CodePudding user response:
The 'adjusted' values are often the same because of how the Benjamini-Hochberg method works.
The Benjamini-Hochberg adjusted p-values are calculated from the unadjusted p-values as follows:
- First order the p-values from smallest to largest.
- Multiply each by
N/i, whereNis the total number andiis the rank order - Set any values bigger than one to be equal to 1
- Finally make sure the sequence always increases, by setting the adjusted p-value equal the subsequent value if the subsequent value is lower.
So your p-values are:
ps = c(0.059, 0.266, 0.346, 0.347, 0.068, 0.187, 0.072, 0.288, 0.113, 0.594)
if we sort them:
> p2 <- ps[order(ps)]
> p2
[1] 0.059 0.068 0.072 0.113 0.187 0.266 0.288 0.346 0.347 0.594
now make the adjustment:
> pa <- p2 * 10/(1:10)
> pa
[1] 0.5900000 0.3400000 0.2400000 0.2825000 0.3740000 0.4433333 0.4114286 0.4325000 0.3855556 0.5940000
You'll see that the 3rd value is 0.24, so we set the first and the second to 0.24 as well (because they were higher).
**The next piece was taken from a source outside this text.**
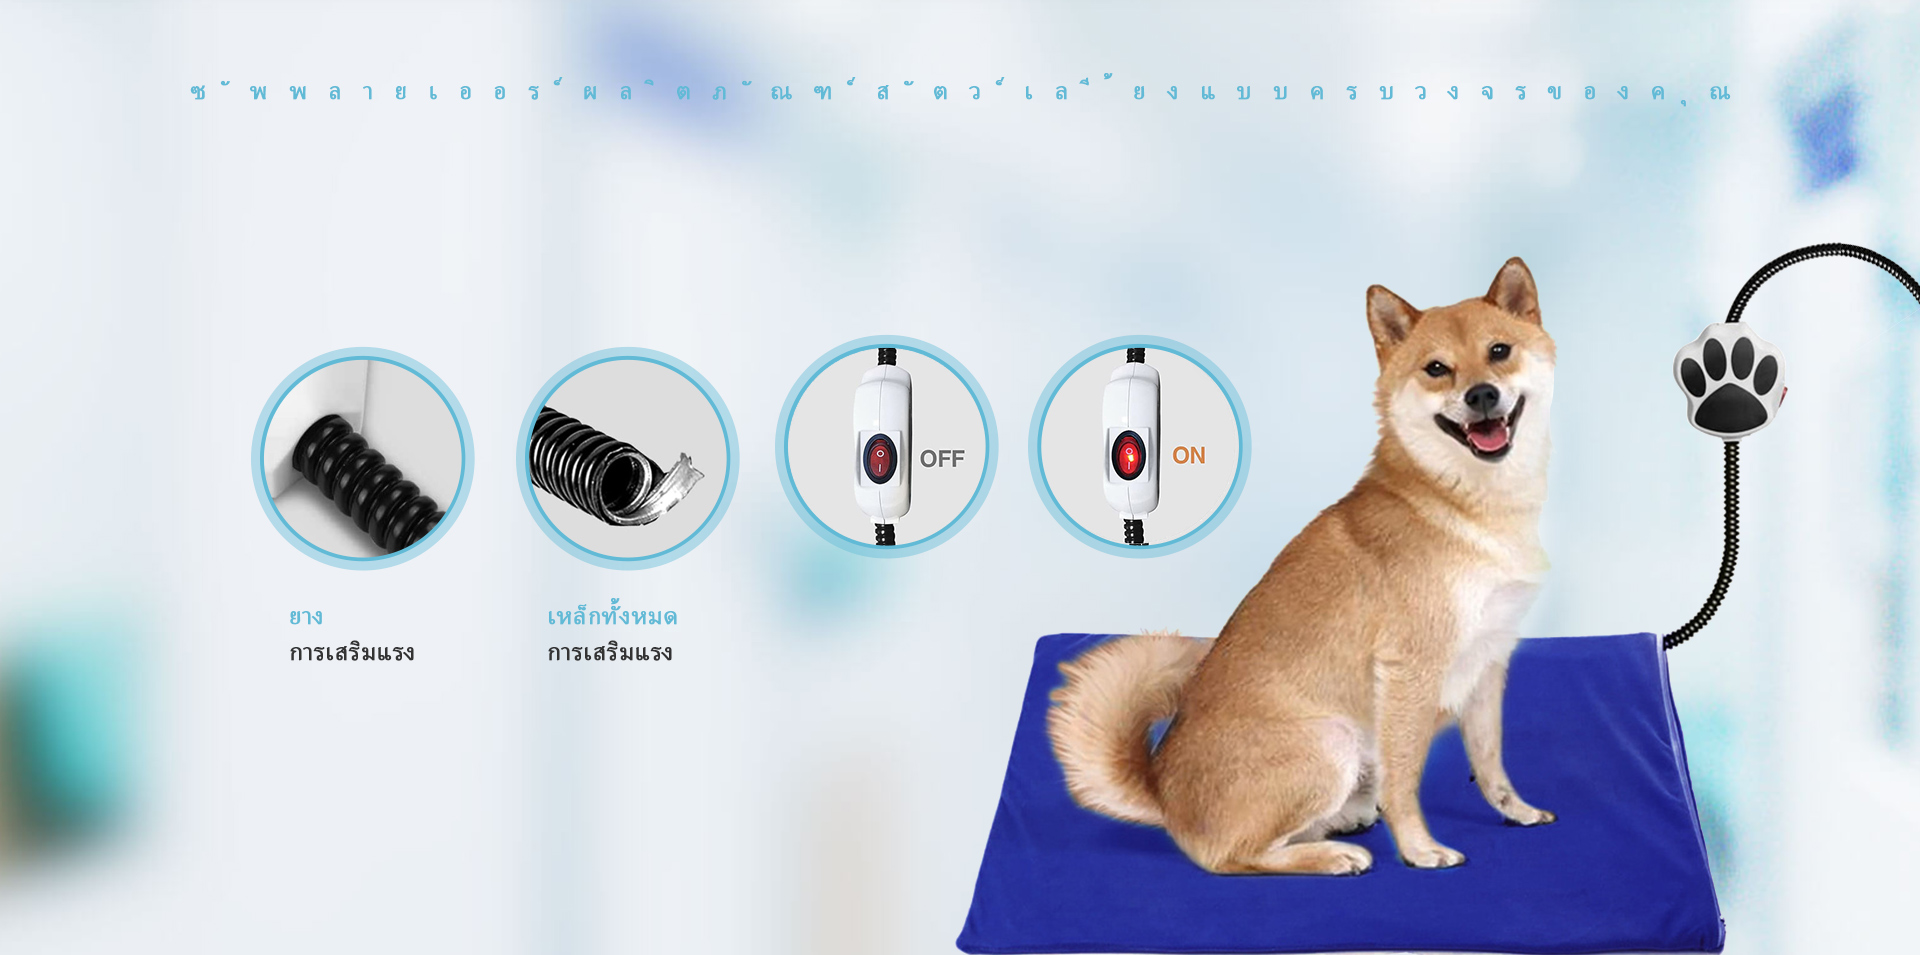 Max Pet Company’s Pet Accessories
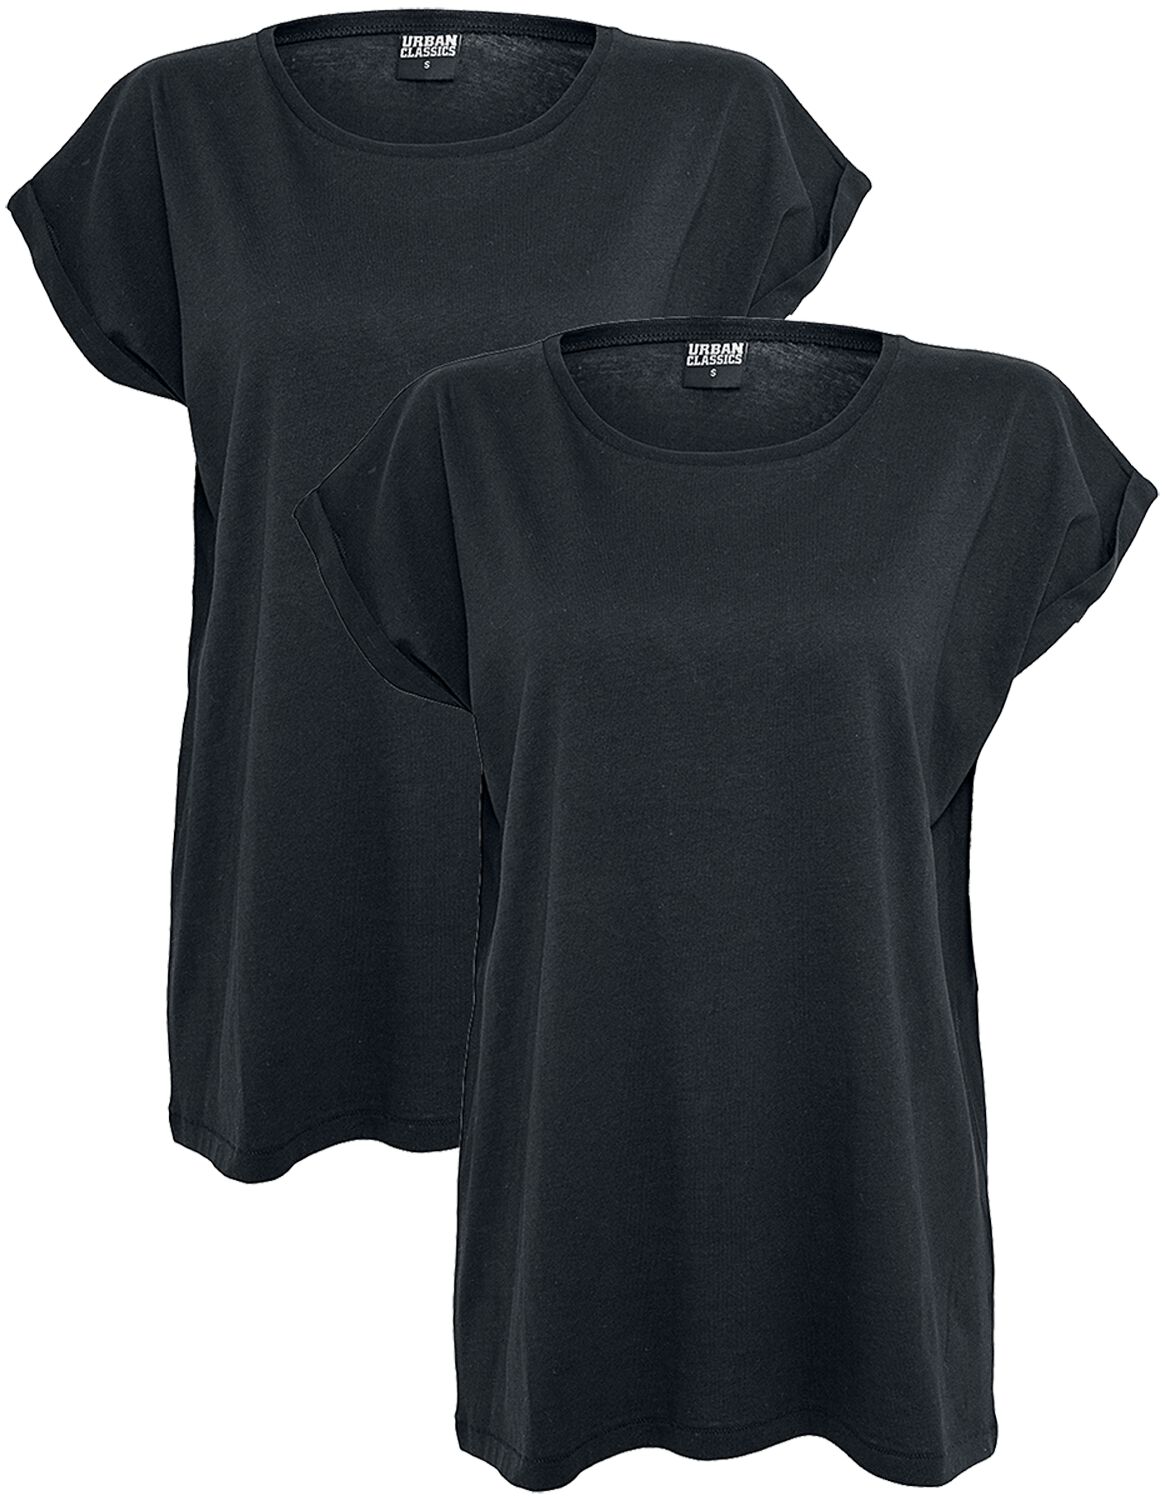 Urban Classics T-Shirt - Ladies Extended Shoulder Tee 2 Pack - XS bis 5XL - für Damen - Größe 4XL - schwarz

The ninth value is 0.3856, so we set the 6th to 8th to 0.3856 as well. Then the final sequence will be the BH corrected values:
> p.adjust(p2[order(p2)], method="BH")
[1] 0.2400000 0.2400000 0.2400000 0.2825000 0.3740000 0.3855556 0.3855556 0.3855556 0.3855556 0.5940000
And this is what you see in your table.
The wisdom of using a BH correction for post-hoc ANOVA comparisons is another question altogether!